One presenter, lecturer Andrea Atkins of architectural engineering, recorded her video only to find that the sound quality on her laptop wasn’t up to snuff.
Her husband, a sound technician, then stepped in to fashion a makeshift studio in their living room and Atkins is now using it to deliver online lectures following the suspension of in-person classes.
"This quick pivot to an online experience is an example of the kind of innovation and can-do spirit we pride ourselves on at Waterloo Engineering,” said Rick Culham, interim dean of Waterloo Engineering. “By putting the needs of prospective students first, we found a way of using technology to get them valuable information even in these difficult times."

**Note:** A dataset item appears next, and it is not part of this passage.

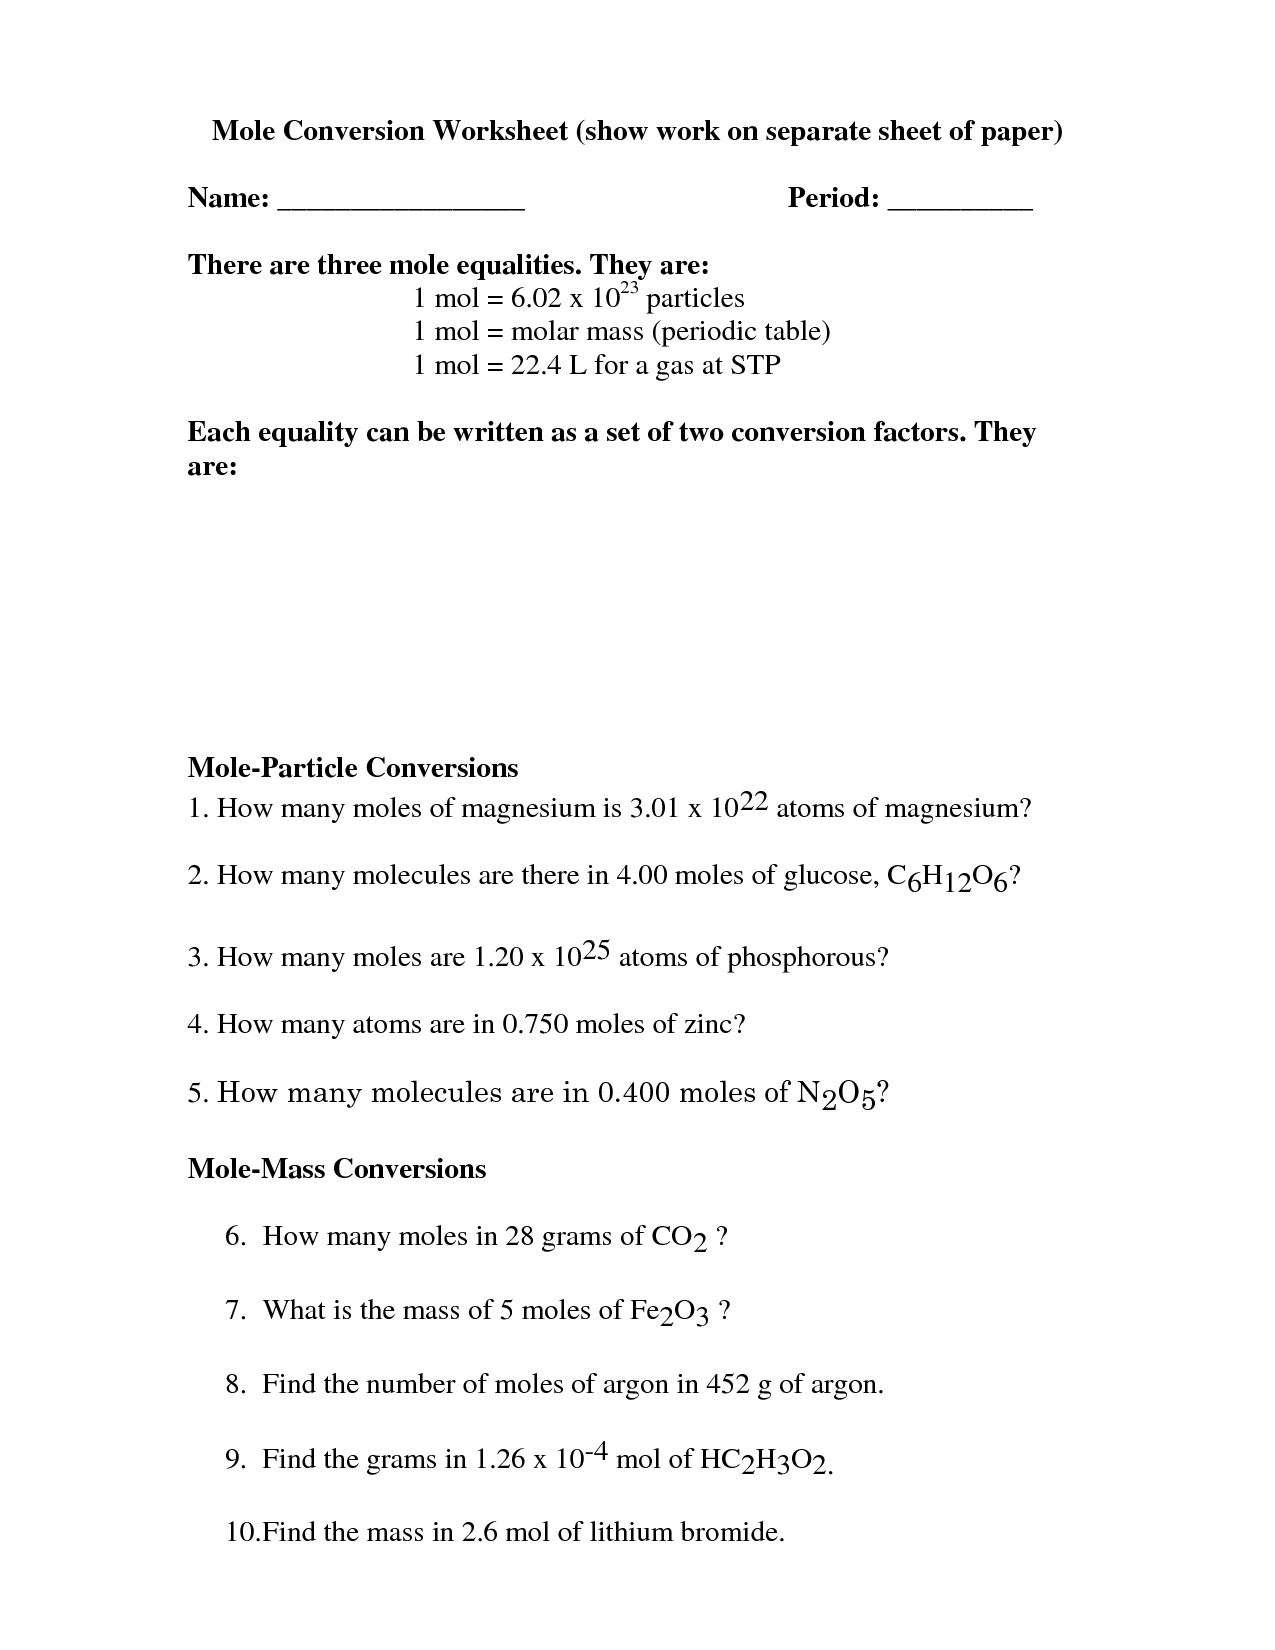 14-best-images-of-mole-to-mole-conversions-worksheet-answer-key-mole-conversion-worksheet

The recruitment videos range from about five to 30 minutes.
Cross said it wouldn’t have been possible to produce them so quickly without a close working relationship with Angle Media, a digital production company co-founded by Waterloo Engineering alumni Athena D’Amato, PhD, (MBET '08) and Jordan Monaghan (MBET '07).
“They lived the student experience here and they’re passionate about what it means to be graduates,” she said, “so they really wanted to help us make this happen.”
In addition to videos on engineering programs, student life and co-op, the emails sent to all applicants included links to a new virtual tour video of engineering buildings.
Plans are now in the works, in conjunction with the University’s central marketing and undergraduate recruitment department, for faculty-wide videos and a series of online webinars in April and May for students who have received admission offers.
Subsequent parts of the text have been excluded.